Popovskyらの報告では,89%の症例においてドナーに抗白血球抗体を見いだしている3).抗好中球抗体と抗HLA class I 抗体とが原因として提唱されたが,すべてのケースで特異性が一致したわけではなかった.抗HLA class I 抗体の関与するTRALI症例については1970年頃より報告があり,抗好中球抗体に関しても今までに抗HNA-1a,-1b,-2a,-3a抗体によるTRALIが報告されている12).1999年にKopkoらは抗HLA class II 抗体によるTRALIの発症を報告し,その後相次いで抗HLA class II 抗体によるTRALIの報告がなされている5,13~16).単球(Monocyte)に対する抗体もTRALI症例で見いだされている17).患者側に抗体が見いだされたTRALIのケースも少数であるが報告されている.さらに片肺移植10週間後の患者で抗HLA-B44抗体陽性の血液を輸血され,HLA class I (B44)が一致した移植肺のみにTRALIを発症したという報告もあり,血球系以外の細胞と抗体との反応でもTRALIが起こる可能性を示唆している18).また,二人以上のドナーからの輸血を受けた患者がドナーの血液間の抗原抗体反応による免疫複合体の形成によりTRALIを起こした可能性がある例も報告されている19).このように免疫学的機序にもさまざまな抗原抗体反応がかかわっていると推定され,いまだ認識されていない抗体が誘因となっている可能性もある.Grimmingerらの報告では抗5b抗体〔抗HNA(human neutrophil antigen)-3a抗体〕を用い,顆粒球と肺動脈血管内皮細胞との共培養でロイコトリエン(leukotriene)C4などの血管透過性を亢進する物質が放出されることを見いだしている20).また,Nishimuraらは抗HLA-class II 抗体と可溶性HLA抗原とにより形成されるimmune complexが顆粒球と肺毛細血管内皮細胞との共培養で内皮細胞の傷害を起こすことを示している21).さらにKopkoらは抗5b抗体が顆粒球のprimingに関与していることを示している22).このようにいくつかの知見が得られているが,発症の詳細な機序に関してはっきりとした答えは出ていない.

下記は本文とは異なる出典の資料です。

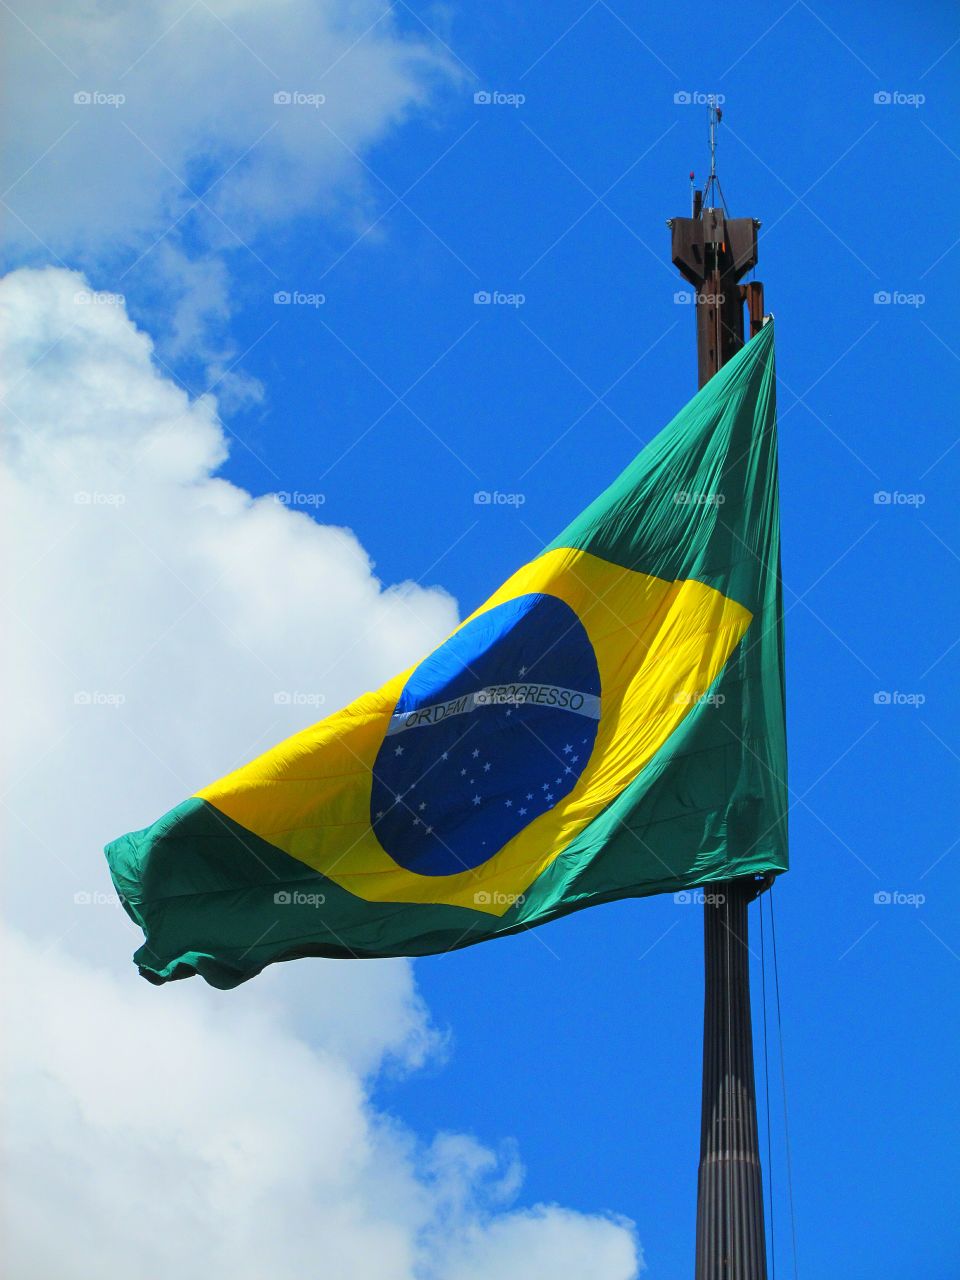 bandeira do Brasil - gigantesca

免疫学的機序による動物モデルも作成されており,Seegerらによるex vivoのrabbit lungを用いた抗5b抗体(抗HNA-3a抗体)と5b陽性の白血球を用いた系とではrabbit plasmaの存在下に肺水腫モデルを作成している23).またBuxらはrat lungを用い,マウスモノクローナル抗HNA-2a抗体とHNA-2a陽性率70%以上の白血球とを灌流することにより肺水腫を生じさせている24).SusskindらはBALB/c mouseを用い,mouse MHC class I mAbのinjectionによりTRALI様の病態を生じさせている25).
ヒトでのTRALIを目的とした検討ではないが,新生児の溶血性疾患の治療のために有用と思われている抗HLA抗体,抗単球抗体を健常者に投与しその効果をみる実験で,予期しなかった副作用としてTRALIが発症した事例が報告されている.これは抗体だけで健常者にもTRALIが発症することを示唆しており,抗体説を支持するものと考えられる26,27).
非免疫学的機序によるものは,Sillimanらのグループにより主に提唱されているのだが,TRALI症例の病因として,患者の状態(例えば,感染症,直近の手術,サイトカインの投与,大量の輸血,炎症など)と,製剤のなかに蓄積される活性脂質の存在が重要であるという説である28).この仮説の動物モデルとしては,保存された赤血球と血小板製剤とをLPS(lipopolysaccharide,リポ多糖)投与後にratの肺に灌流すると肺障害が起きるというものである.保存された血液製剤中のlysophosphatidylcholine(リソホスファチジルコリン,lyso-PC)が,活性物質であるとしている29,30).
in vitroのモデルでは,肺毛細血管内皮細胞を用いた好中球との共培養実験系で,肺血管の障害にはLPSとlyso-PCとによる好中球の活性化と,肺血管内皮細胞の活性化が関与するとしている31).
非免疫学的機序を支持する根拠としては,Sillimanらの90例のTRALIについての報告がある.4年間に一つの病院で90例のTRALI症例を集積しており,その頻度は1:1,120であった.抗白血球抗体検出率は25%であり,特異性が確認できたのは3.6%にすぎなかった6).
副作用自発報告に基づく日本赤十字社への報告のなかで,TRALIが疑われる症例は1997年よりこの病態が臨床的に認識されるようになるとともに増えてきており,最近では年間約30例程度の報告がある.診断基準が最近まで統一されていなかったため,表の診断基準に基づき,TRALI,possible TRALIに分けて見直し,2004年までの8年間に99例のTRALI, 27例のpossible TRALIを診断した.